Sara Nelson has served as the International President of the Association of Flight Attendants-CWA, AFL-CIO since 2014. The AFA represents fifty thousand flight attendants, about half the industry’s flight attendants. In 2001, Nelson was the vice-president of her local AFA council.
Early in her career, Nelson had worked on United Flight 175, the flight that was hijacked and hit the south tower of the World Trade Center. She knew all the crew members killed on September 11, 2001. Following the September 11 attacks, demand for airline tickets plunged, and in response, United decided to lay off twenty percent of its workforce.

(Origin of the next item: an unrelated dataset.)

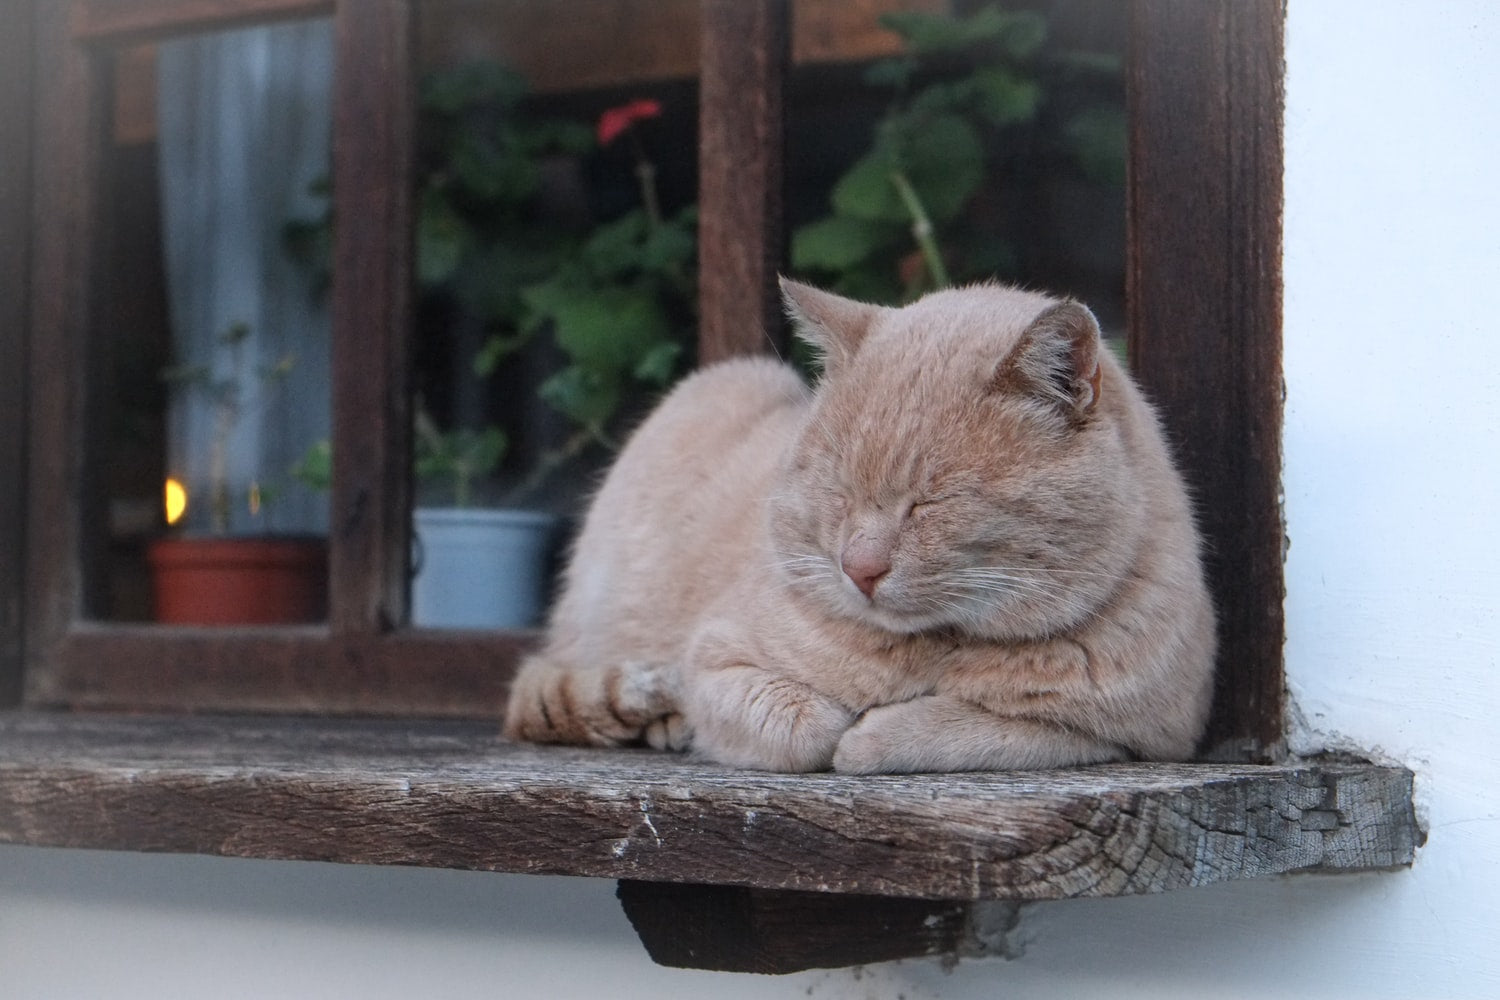 Cute buff cat sleeping on a wooden window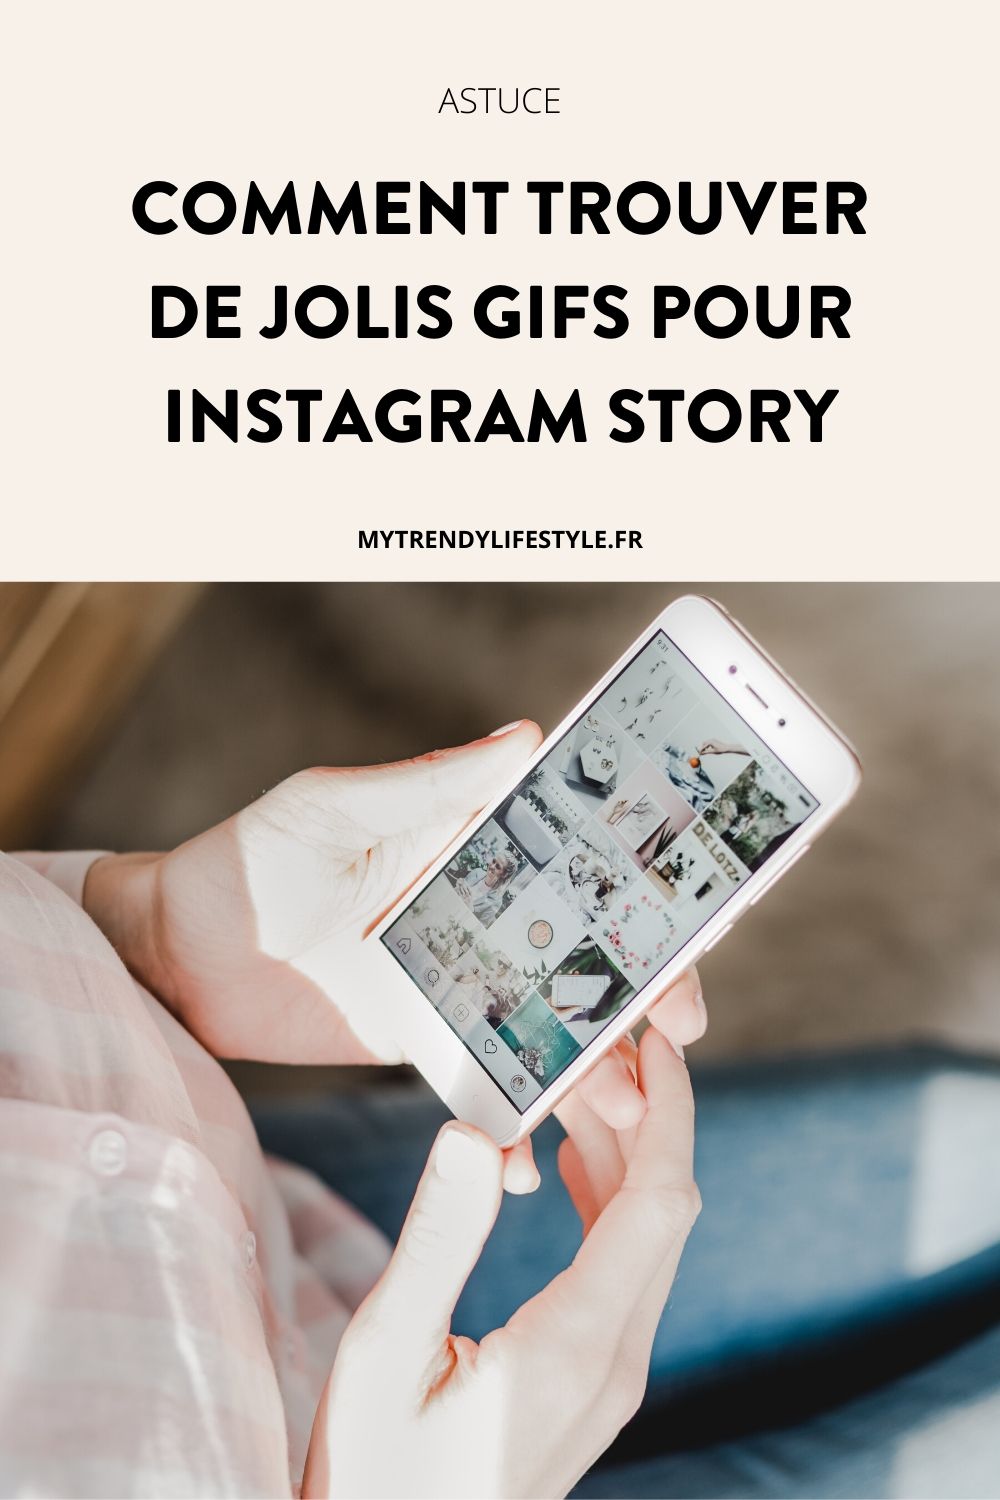 Découvrez dans cet article comment trouver de jolis gifs pour Instagram Story et rendre votre contenu plus attractif.

“We were mourning our friends and trying to pick up the pieces of our lives,” Nelson said. “And the furloughs started immediately.”
Sara Nelson
In 2002, Nelson was appointed national spokesperson for the United chapter of AFA. When United Airlines announced twenty-three hundred more flight attendants would be furloughed, Nelson committed to “… fight like hell every single day to hang on to everything we possibly can.'”
Sara Nelson was elected international vice-president of AFA in 2011. In 2014 she became the union’s international president. When the government was shut down in 2018, federal employees went without pay for weeks. Nelson called for a general strike. When a reporter asked if she was threatening to shut down the entire economy, Nelson responded, “Yes.”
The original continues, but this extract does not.